§ **PROVIDED DATA**:
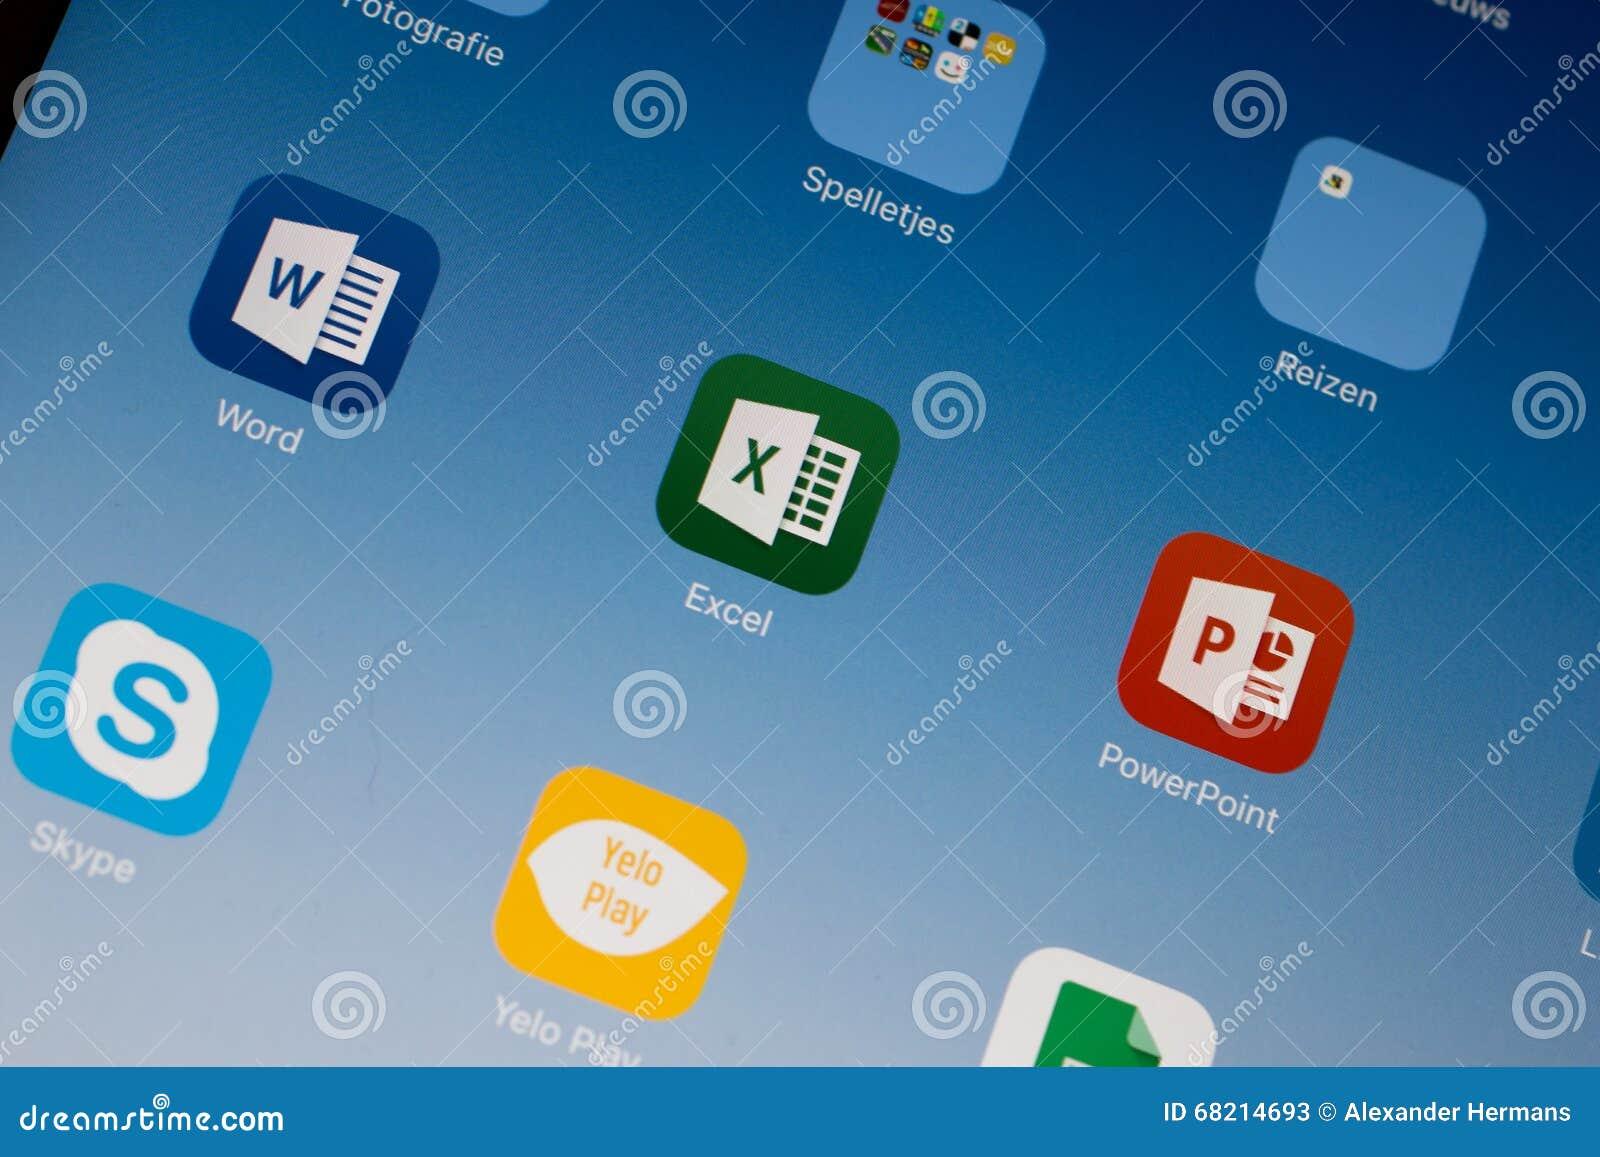 Microsoft Office Excel/Word/Powerpoint application thumbnail / logo on an iPad Air
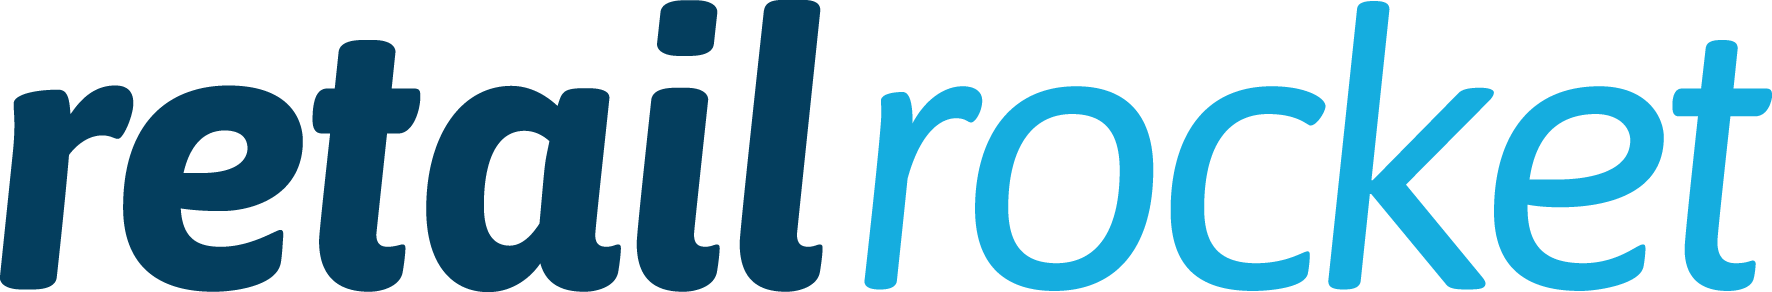 parcupc_entitat_retail-rocket.png
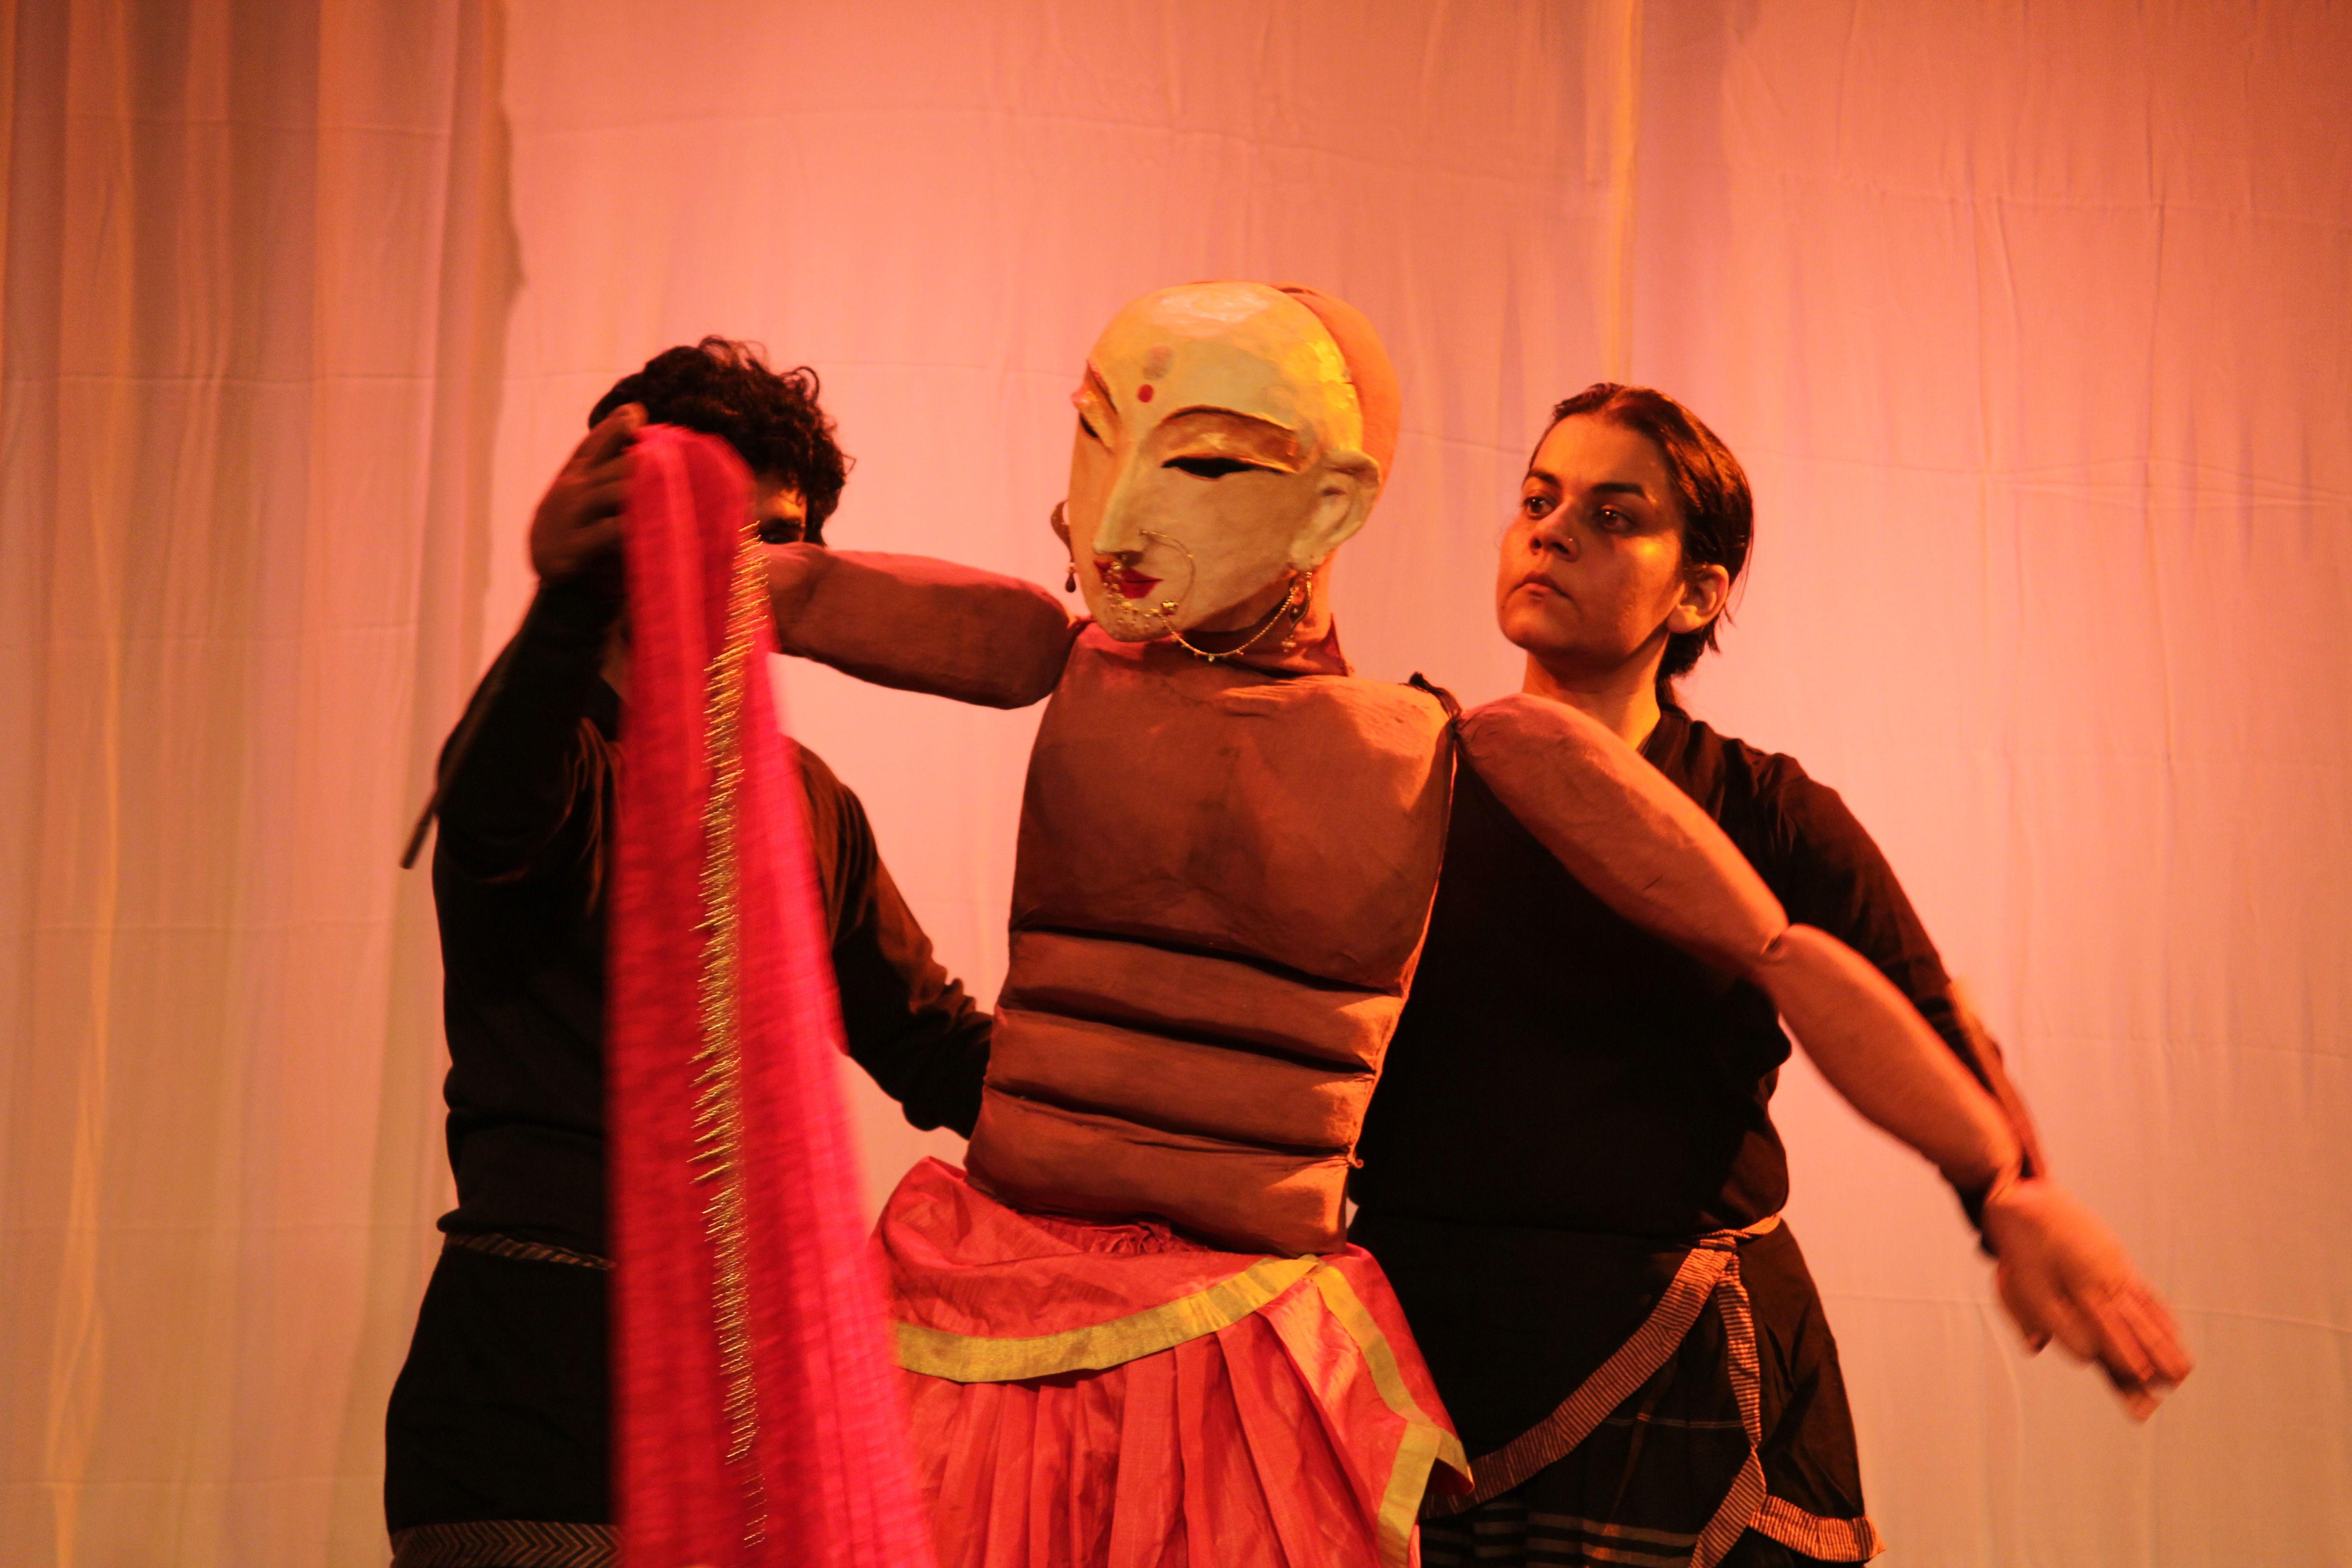 <em>Mahabharata</em> par Katkatha (New Delhi), concept et mise en scène : Anurupa Roy, marionnettistes : Mohammad Shameem, Vivek Kumar, Anurupa Roy, Avinash Kumar, Gunduraju. Grande marionnette à tiges

§ **INSTRUCTIONS FOR THE TASK**:
Without the pictures, repeat the listing word for word.

§ **ANSWER TO THE PROBLEM**:
 Microsoft Office Excel/Word/Powerpoint application thumbnail / logo on an iPad Air
 parcupc_entitat_retail-rocket.png
 <em>Mahabharata</em> par Katkatha (New Delhi), concept et mise en scène : Anurupa Roy, marionnettistes : Mohammad Shameem, Vivek Kumar, Anurupa Roy, Avinash Kumar, Gunduraju. Grande marionnette à tiges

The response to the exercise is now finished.